The use would be probably the same as saying "Mr. Dumbass" in English, mostly just an insult. The addition of the honorific さん　is probably meant to tease the listener, because you are essentially making the insult his name.


----------



## JapanForever

So, do you mean kusogaki is for someone who is really stupid, don't you ?


----------



## lordfrikk

No, it was just a comparison to something more familiar in English. It's simply an insult, albeit a bit more creative that just calling someone "kuso".


----------



## JapanForever

Okay lordfrikk. But a last question : is there a difference between "kusogaki" and "gaki"? As gaki is too for a brat, I wondered what's the difference between them.


----------



## lordfrikk

As much difference as there is between calling someone "brat" and "damn brat", I suppose. You need to understand that kusogaki is just two words combined together (a compound), as I wrote in my first post.


----------



## JapanForever

Okay.
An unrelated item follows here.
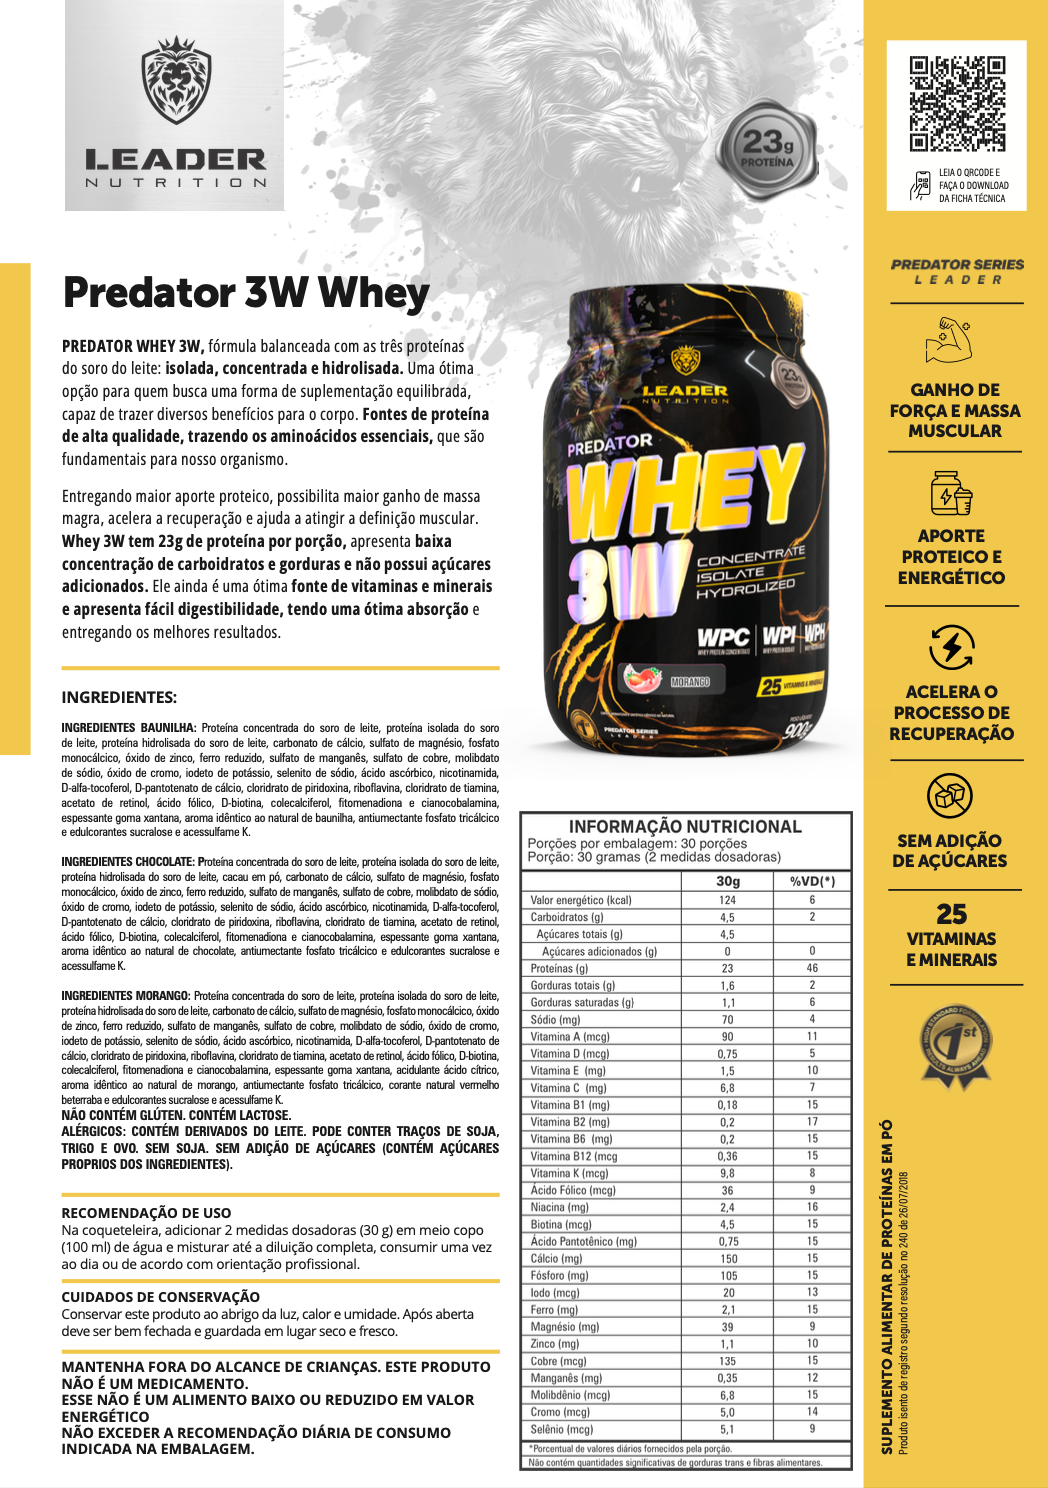 Whey Protein 3W Leader Nutrition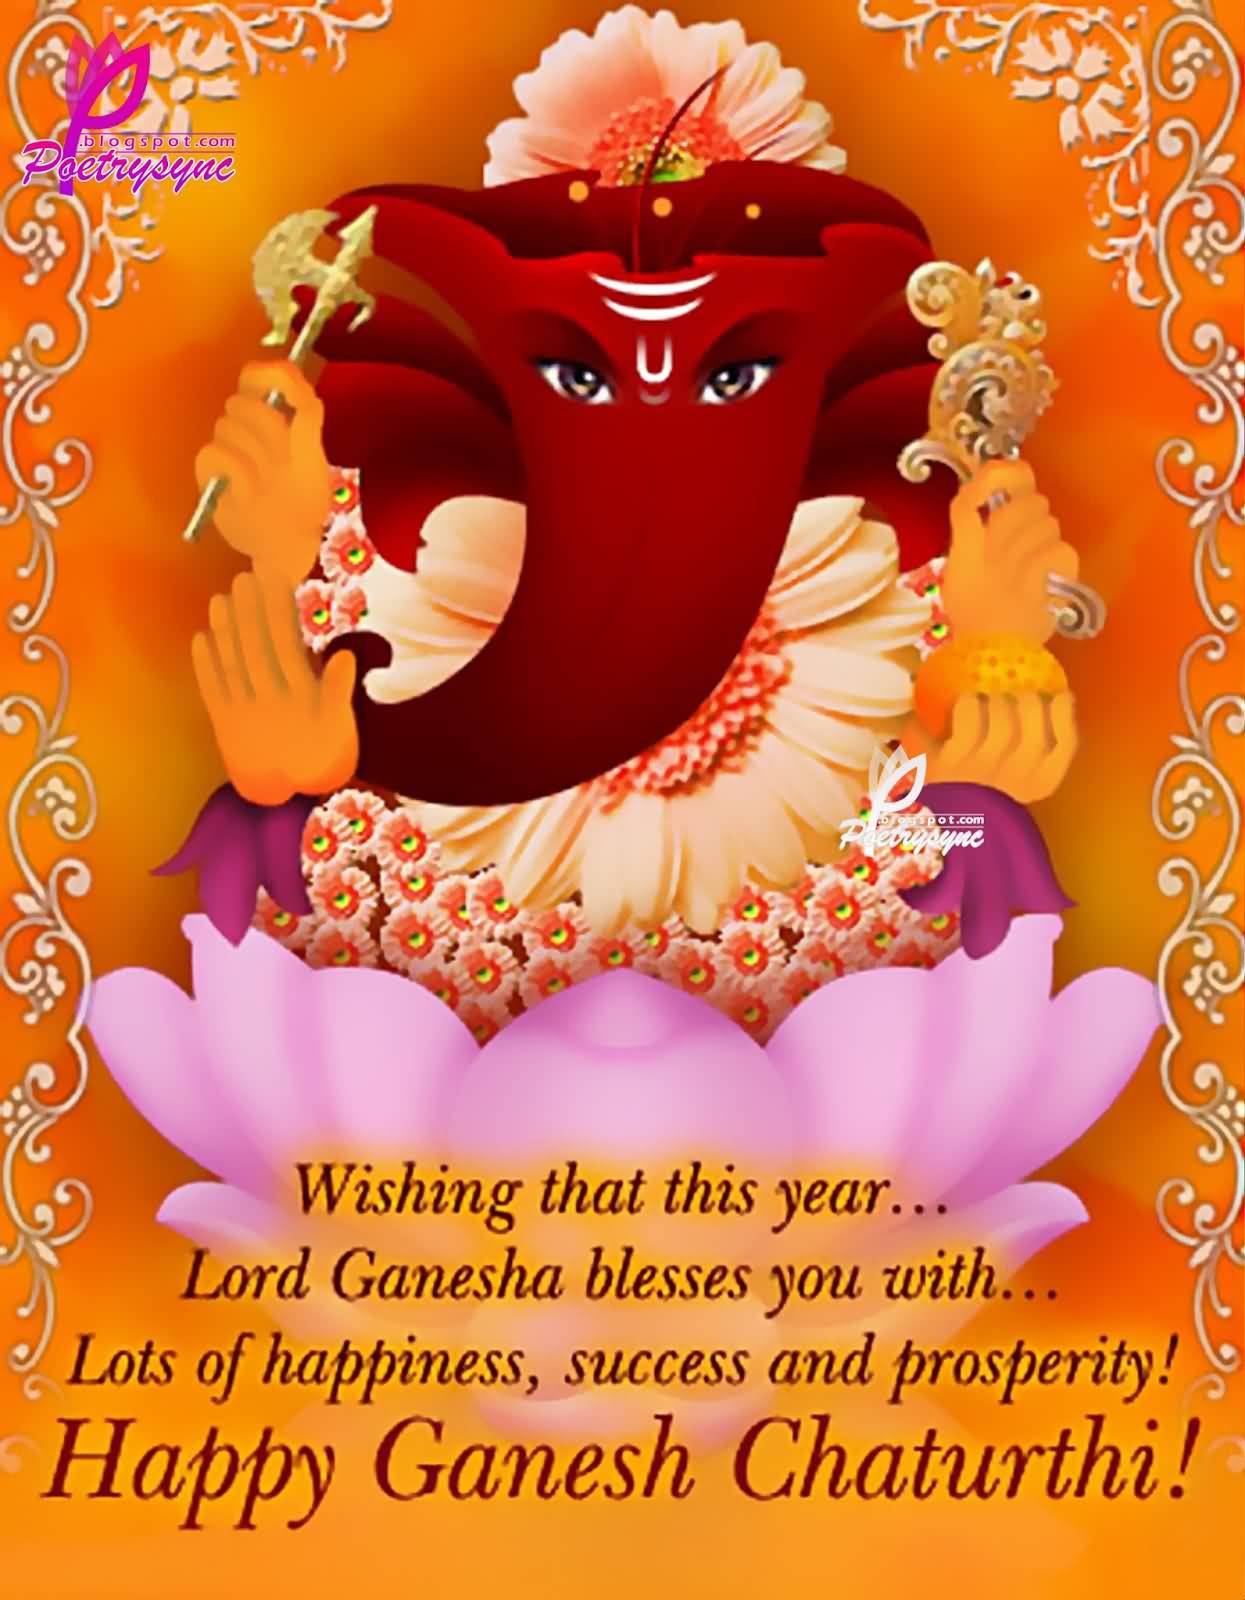 Wishing That This Year Lord Ganesha Blesses You With Lots Of Happiness, Success And Prosperity Happy Ganesh Chaturthi Card

So kusogaki is stronger than gaki, isn't it?


----------



## lordfrikk

Yes, essentially.


----------



## MSPWrit3r

I don't know if you're familiar with the manga "Gravitation" (グラビテーション) but one of the characters (Yuki Eiri/由貴英里) calls his boyfriend (Shindou Shuichi/新堂愁一) くそがき ALL the time, so much that it has almost become an affectionate nickname for him, lol.
I guess what I'm trying to say is that it really depends on the context. In "Gravitation" it comes off as "damn brat" or "pest" but like I said, almost affectionate, so if Yuki were to say call Shuichi くそがきさま to me it would sound like he was teasing his boyfriend, or almost calling him a dumbass in a loving, yet cold, way.
I've also considered translating くそがき to mean "dipshit" in English but would love the opinion of a native Japanese speaker.


----------



## xsterk

Okay, i'm a huge fan of anime, don't read to much manga though.. But i'm also working together with 3 people who originate from japan.. According to my oldest japanese co-worker, kosu = shit/crap (just like lordfrakki said) and gaki which we all know means brat. Kosugaki can be used as a "loving" joke towards a really close friend or partner or as an extremely demeaning insult towards someone you're in a fight with, the older the person, the stronger the insult! The most extreme way to use it would be for a relatively young person to say it to a significantly older person, this way he'd not only call the older one childish but it would be in the worst thinkable way imaginable.
Another use of the word Kosu would be Kosujiji which would translate into "shitty/crappy old man"


----------



## 涼宮

Xsterk, *kuso*, not kosu .  Kuso means just ''shit'' and it can be used as an intensifier resulting in ''fucking''. Kuso yarou, kuso baka, kusottare, etc. You can basically add kuso to anything to be vulgar. But as it was mentioned, insults can become affectionate depending on the context.


----------



## pauro13

Just a follow up question, I've heard from animes that old people call teen agers or young people or sometimes child as kuso, was I just wrong with the spelling and it's a different word? Or was it the same kuso as the insult one? Thanks!


----------